X-VORTEX: Spatio-Temporal Contrastive Learning for Wake Vortex Trajectory Forecasting
Zhan Qu, Michael Färber
TL;DR
X-VORTEX tackles the challenge of wake vortex analysis from sparse LiDAR data by learning physics-aware, spatio-temporal representations in a self-supervised manner. It introduces a two-view contrastive framework grounded in Augmentation Overlap Theory, combining temporal evolution with spatial sparsity through a time-distributed encoder and a temporal aggregator. The approach yields strong unsupervised representations, enables high-precision center localization with only $1\%$ of labels, and supports accurate short-horizon trajectory forecasting, outperforming heuristic, image-based, and fully supervised baselines.
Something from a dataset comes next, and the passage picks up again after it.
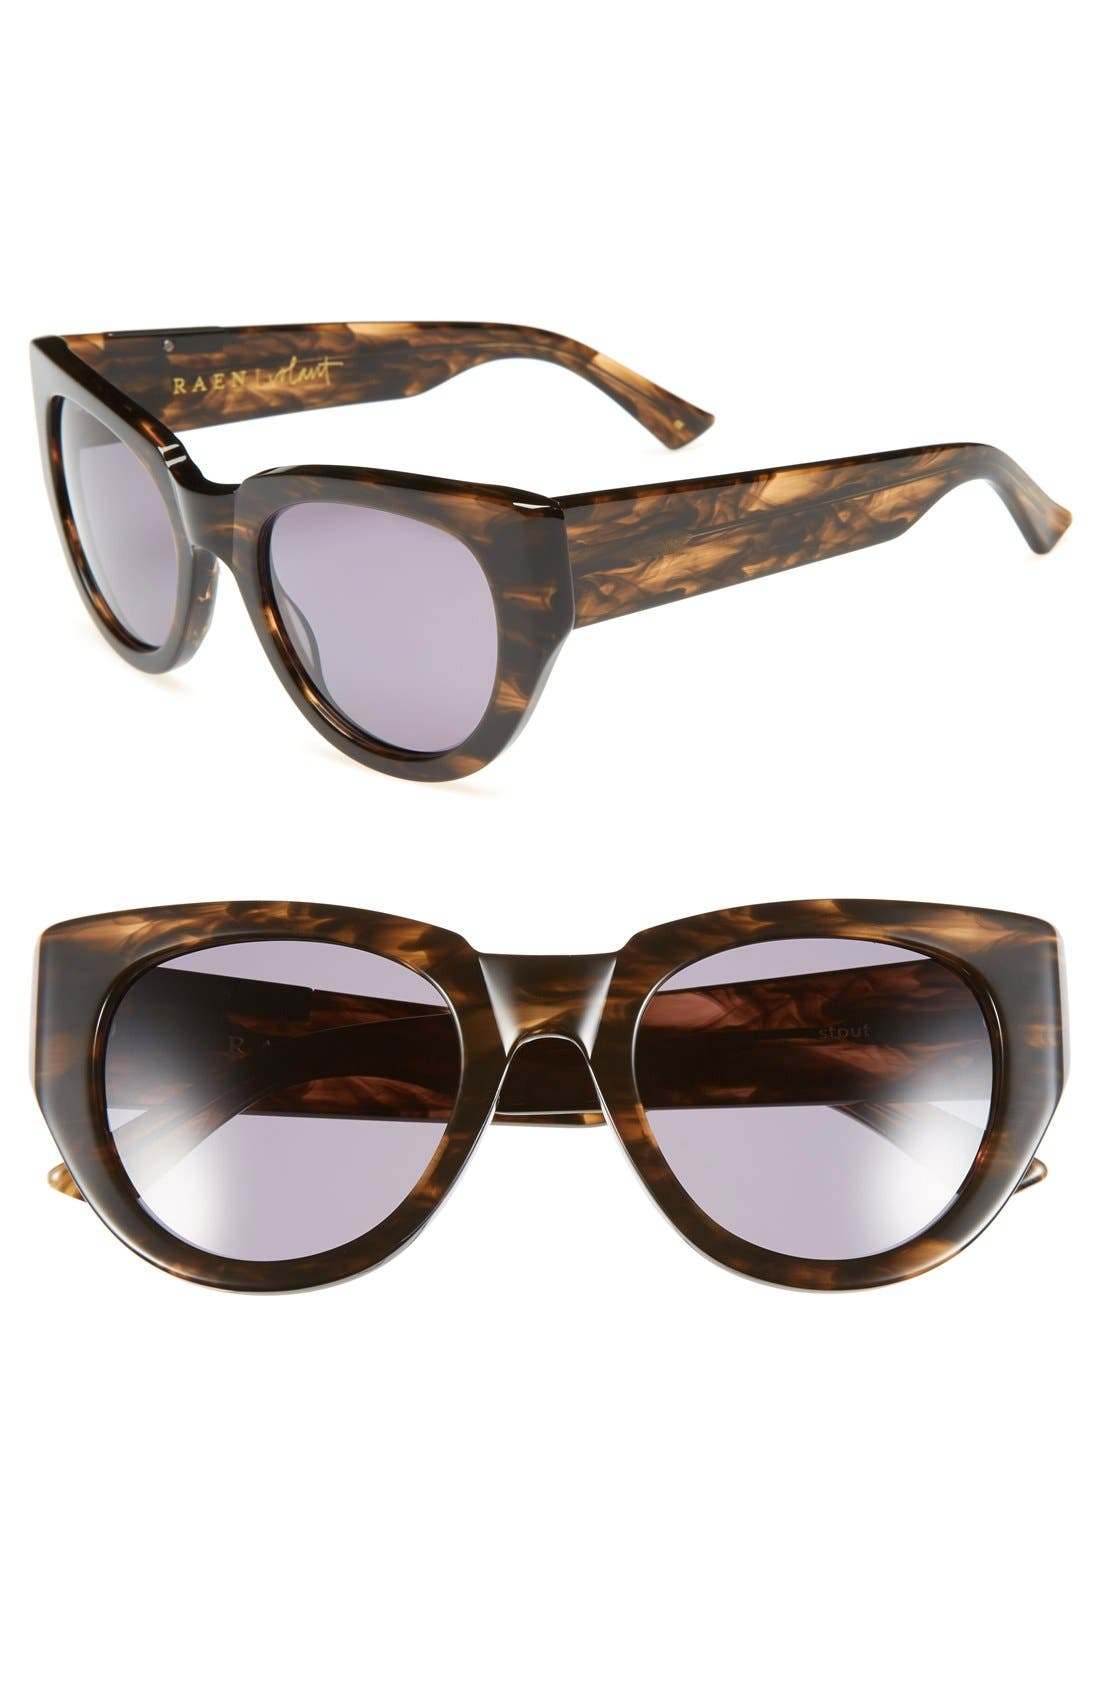 Alternate Image 1 Selected - RAEN 'Volant' 52mm Sunglasses
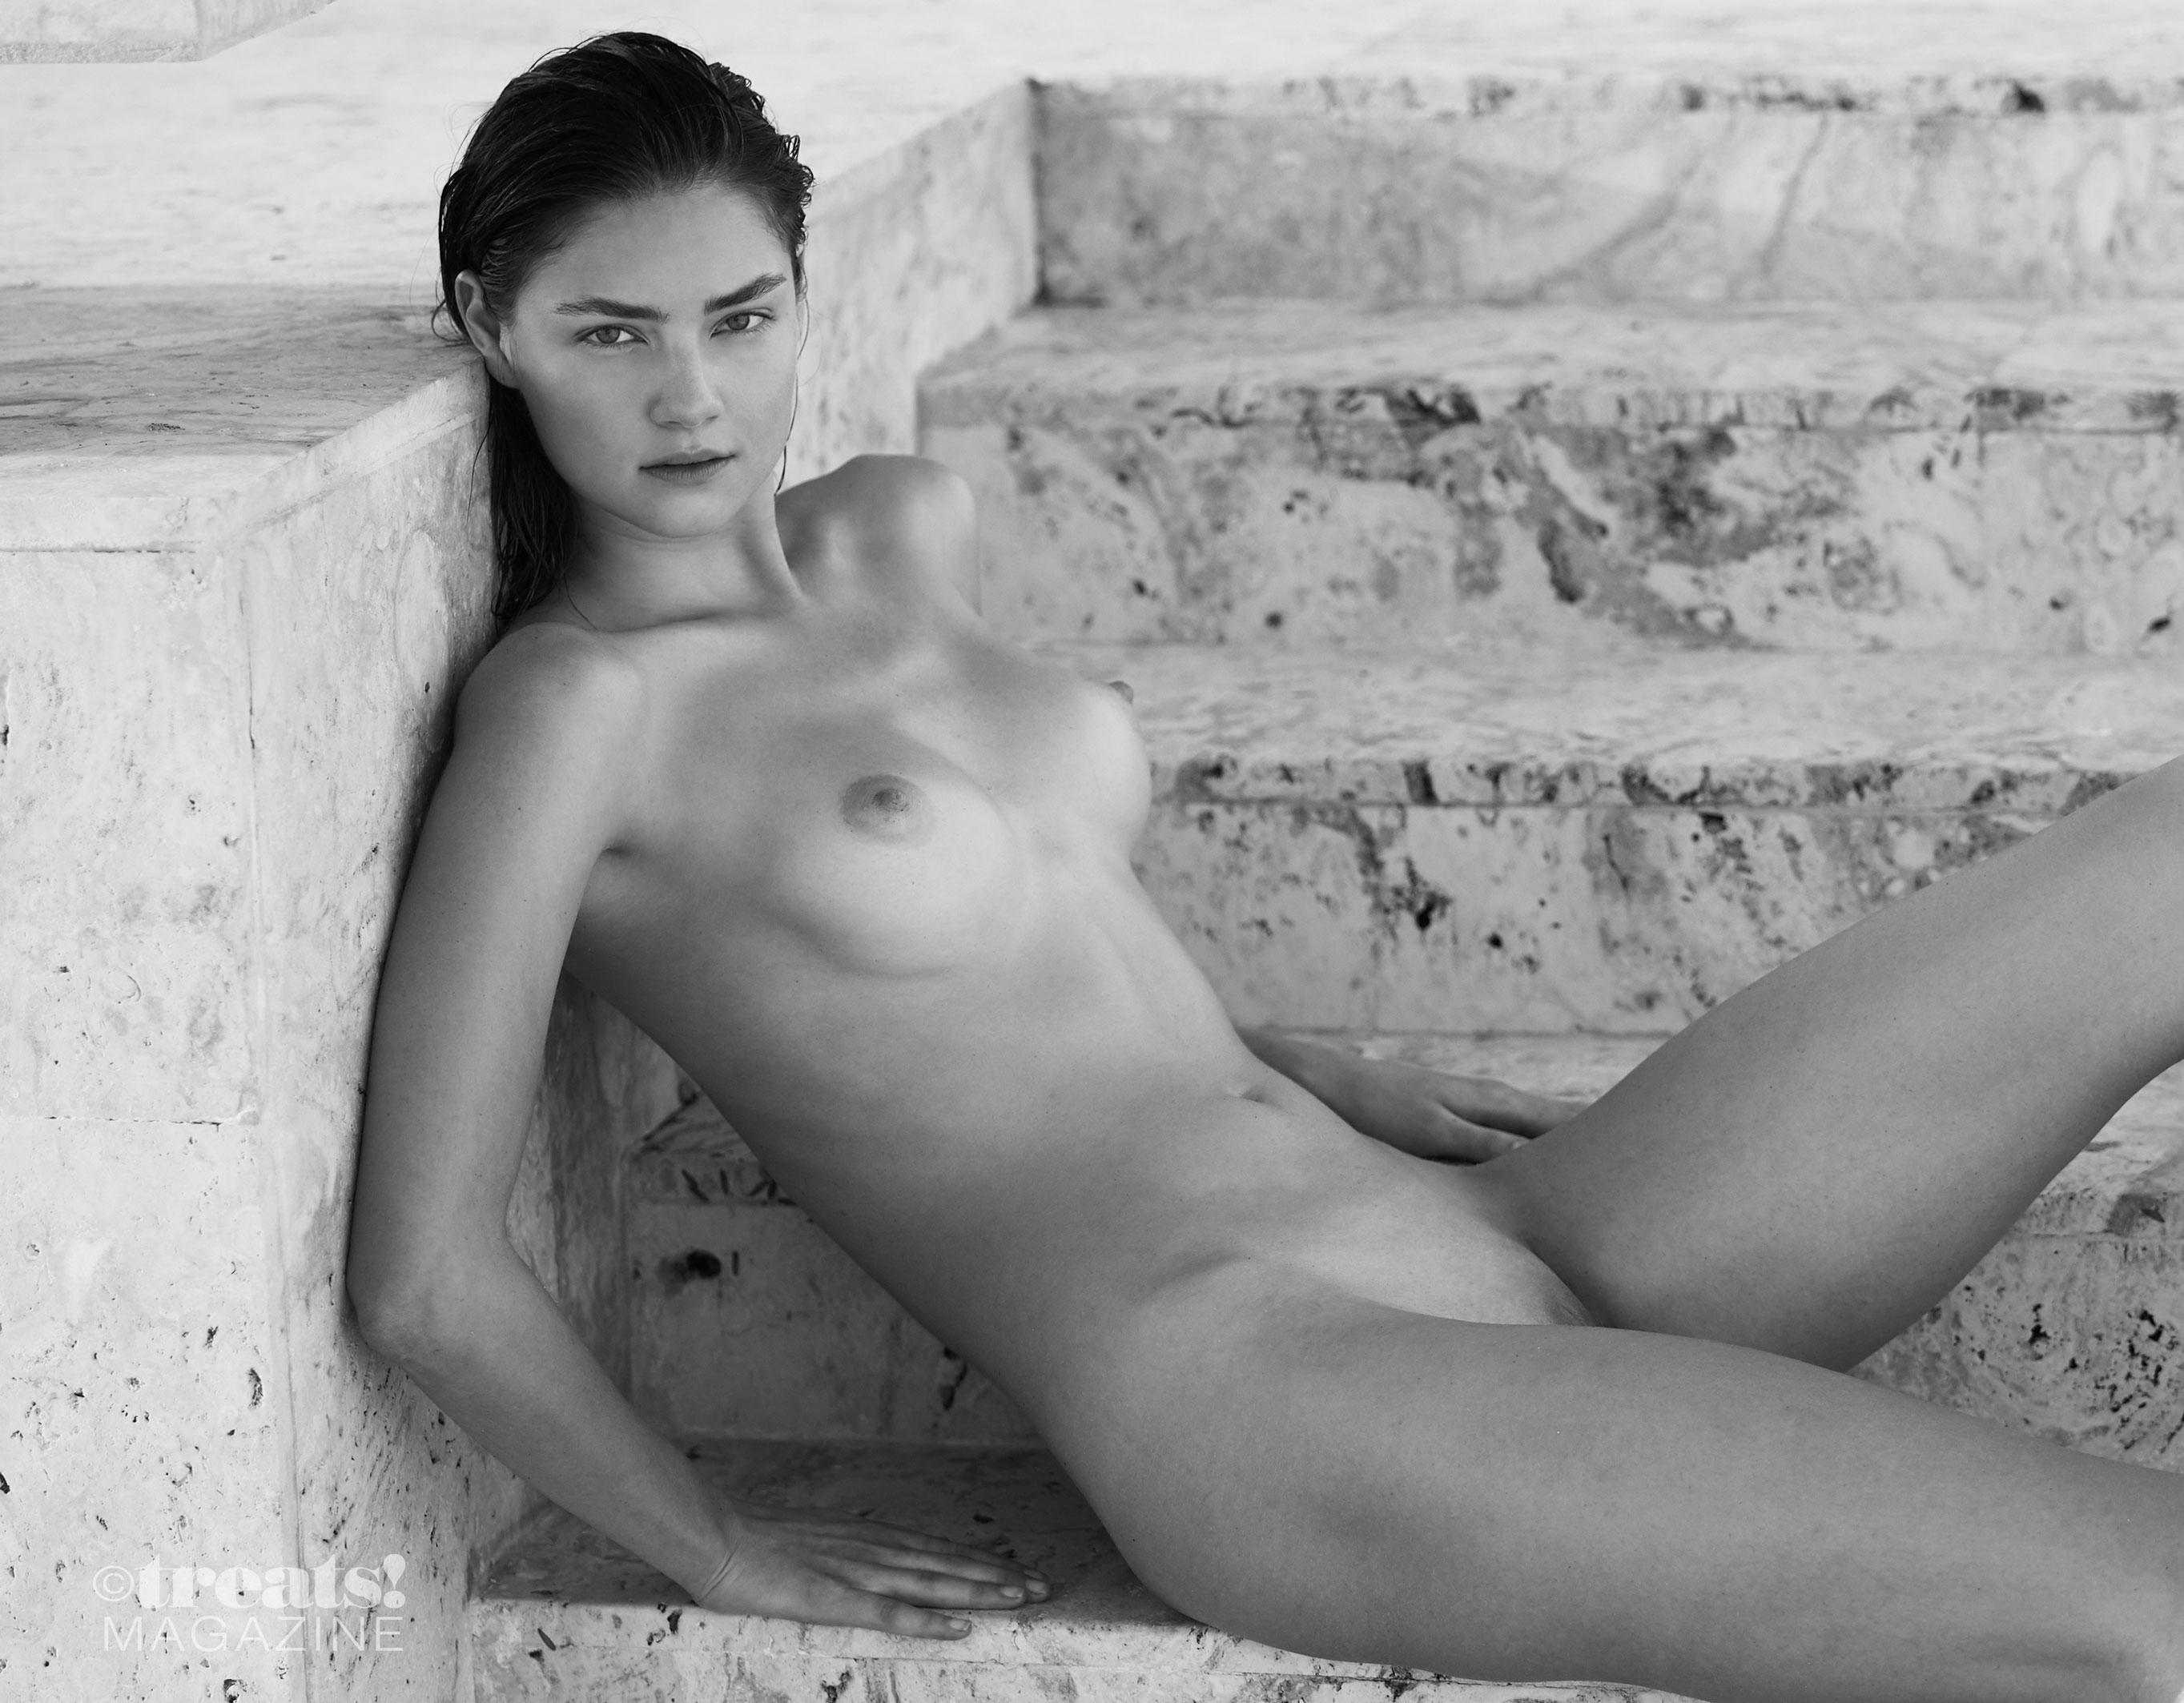 голая Вика Левина на страницах журнала Treats! / фото 15

This workflow reduces labeling needs and provides a practical pathway toward real-time wake-vortex advisory capabilities with robustness to noise and decay, with potential applicability to other atmospheric flow phenomena captured by remote sensing.
Abstract
Wake vortices are strong, coherent air turbulences created by aircraft, and they pose a major safety and capacity challenge for air traffic management. Tracking how vortices move, weaken, and dissipate over time from LiDAR measurements is still difficult because scans are sparse, vortex signatures fade as the flow breaks down under atmospheric turbulence and instabilities, and point-wise annotation is prohibitively expensive. Existing approaches largely treat each scan as an independent, fully supervised segmentation problem, which overlooks temporal structure and does not scale to the vast unlabeled archives collected in practice. We present X-VORTEX, a spatio-temporal contrastive learning framework grounded in Augmentation Overlap Theory that learns physics-aware representations from unlabeled LiDAR point cloud sequences. X-VORTEX addresses two core challenges: sensor sparsity and time-varying vortex dynamics. It constructs paired inputs from the same underlying flight event by combining a weakly perturbed sequence with a strongly augmented counterpart produced via temporal subsampling and spatial masking, encouraging the model to align representations across missing frames and partial observations. Architecturally, a time-distributed geometric encoder extracts per-scan features and a sequential aggregator models the evolving vortex state across variable-length sequences. We evaluate on a real-world dataset of over one million LiDAR scans. X-VORTEX achieves superior vortex center localization while using only 1% of the labeled data required by supervised baselines, and the learned representations support accurate trajectory forecasting.